Another within-species test that has been used to detect selection is to compare the variation in allele frequencies between populations, which can be quantified by the statistic FST. Under selective neutrality, FST is determined by genetic drift, whereas natural selection is a locus-specific force that can cause systematic deviations in FST values for a selected gene and nearby genetic markers. For example, geographically restricted directional selection may lead to an increase in FST of a selected locus, whereas balancing or species-wide directional selection may lead to a decrease in FST compared with neutrally evolving loci [4650]. In a series of simulation experiments analysing two different FST test implementations, Beaumont and Balding found that this approach yielded sufficient power to detect positive selection provided that the selective coefficient was approximately five times larger than the migration rate, but that FST had little power to detect balancing selection [50].

Positive selection is also expected to increase levels of linkage disequilibrium (LD) relative to neutral expectations. Recently, a new statistical test was developed, the long-range haplotype (LRH) test, [33] which takes advantage of ancestral recombination events and the associated decay in LD to identify genes subject to positive selection. The rationale for this test is that a common allele with long-range LD potentially represents a site that has appeared recently and was driven to high frequency before recombination could erode LD. The LRH approach does not detect balancing selection, however, and the robustness of the test to non-neutral population demographics, the choice of haplotype defining markers and phase misspecification have not been well studied.

The second major class of neutrality tests compares levels of within-species polymorphism and between-species divergence and includes the Hudson - Kreitman - Aguade (HKA) [51] and McDonald - Kreitman (MK) [52] tests. The HKA method tests the goodness of fit of the observed levels of polymorphism within species and the observed divergence between species to those predicted under neutral theory. In order to determine polymorphism and divergence expectations under neutrality, data are required from at least two loci in each species, so that a simultaneous estimate can be made of a time-since-speciation parameter and a relative population size parameter. Under the HKA test, rejection of the null is formally interpreted as elevated polymorphism at one locus or reduced polymorphism at the other, or excess divergence at one locus or limited divergence at the other. Thus, it may not be obvious which locus or which process is responsible for producing a statistically significant test. McDonald [53] has described improvements to the HKA test which may ameliorate this problem.

In the MK test, a 2 × 2 contingency table is formed to compare the number of non-synonymous and synonymous sites that are polymorphic within a species (PN and PS) and fixed between species (DN and DS). Under neutrality, the ratio of non-synonymous to synonymous sites that are polymorphic equals the ratio of non-synonymous to synonymous sites that are fixed (ie PN/PS = DN/DS).
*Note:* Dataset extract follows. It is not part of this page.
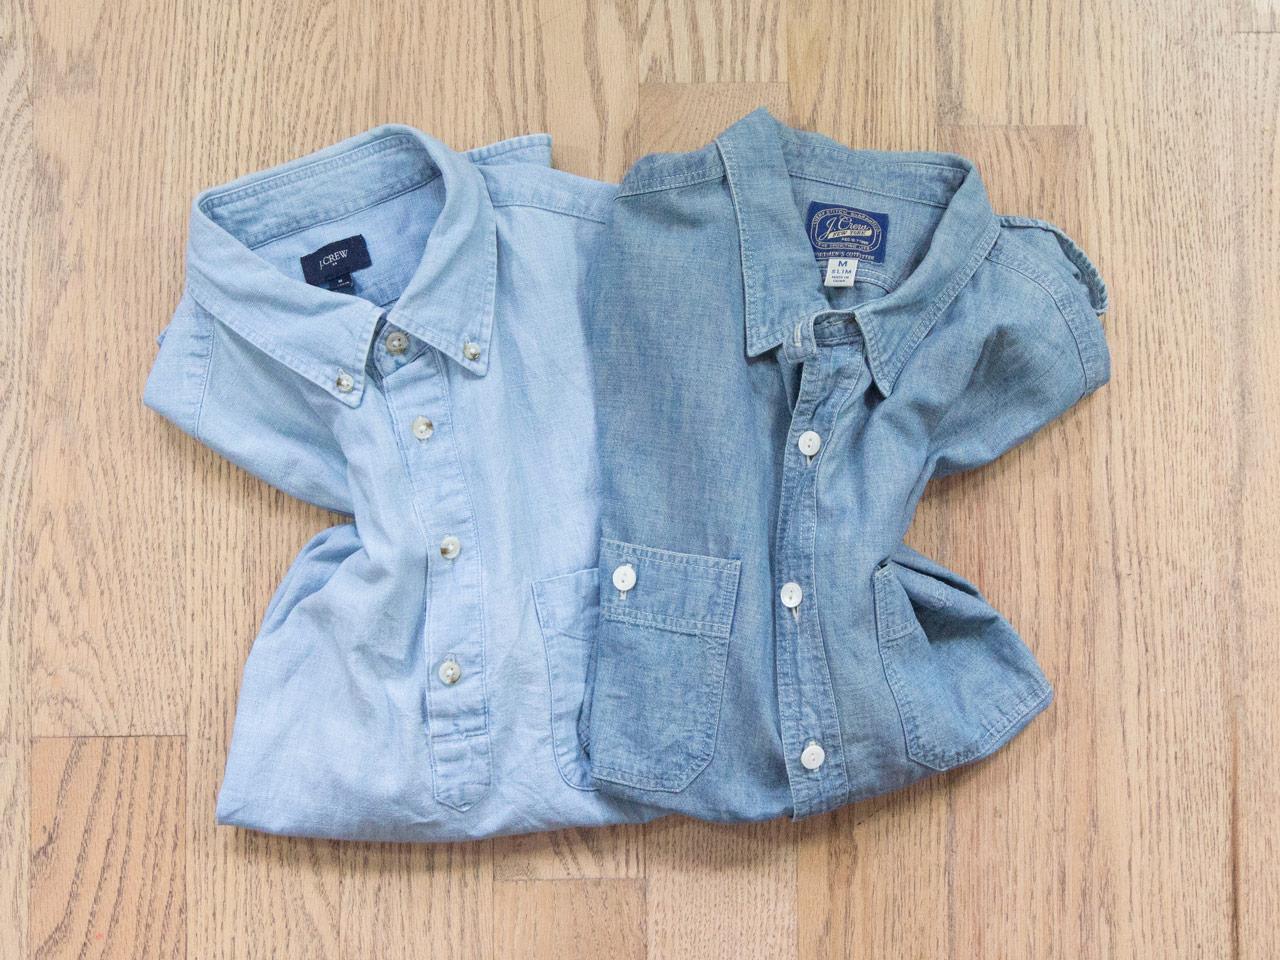 effortless essentials minimalist wardrobe - chambray shirts

Under positive selection, however, these two ratios are no longer equal and DN/DS > PN/PS [54]. Among the strengths of the MK test are that it does not require assumptions about population demographic history (although under some circumstances the test can be adversely affected by increases in effective population size [54]) and is relatively insensitive to intra-locus recombination. Positive or purifying selection for codon usage may, however, bias the MK test [38].

The final class of neutrality tests uses between-species data to test for adaptive protein evolution. The classic test of positive selection compares the number of non-synonymous amino acid substitutions in a gene (dn) with the number of synonymous amino acid substitutions (ds). Under neutrality, the mutation rate at both categories of sites is the same, and dn/ds is expected to equal one; however, dn/ds < 1 for proteins subject to purifying selection and dn/ds > 1 for proteins under adaptive evolution. Although dn/ds > 1 provides strong evidence for adaptive protein evolution, it is a very conservative test, particularly if only a small number of codons have been selected for. The basic test has also been extended by Nielsen and Yang [55] and others to include models of codon and transition/transversion bias, to detect variation in dn/ds ratios among lineages and to identify specific codons under selection [56, 57].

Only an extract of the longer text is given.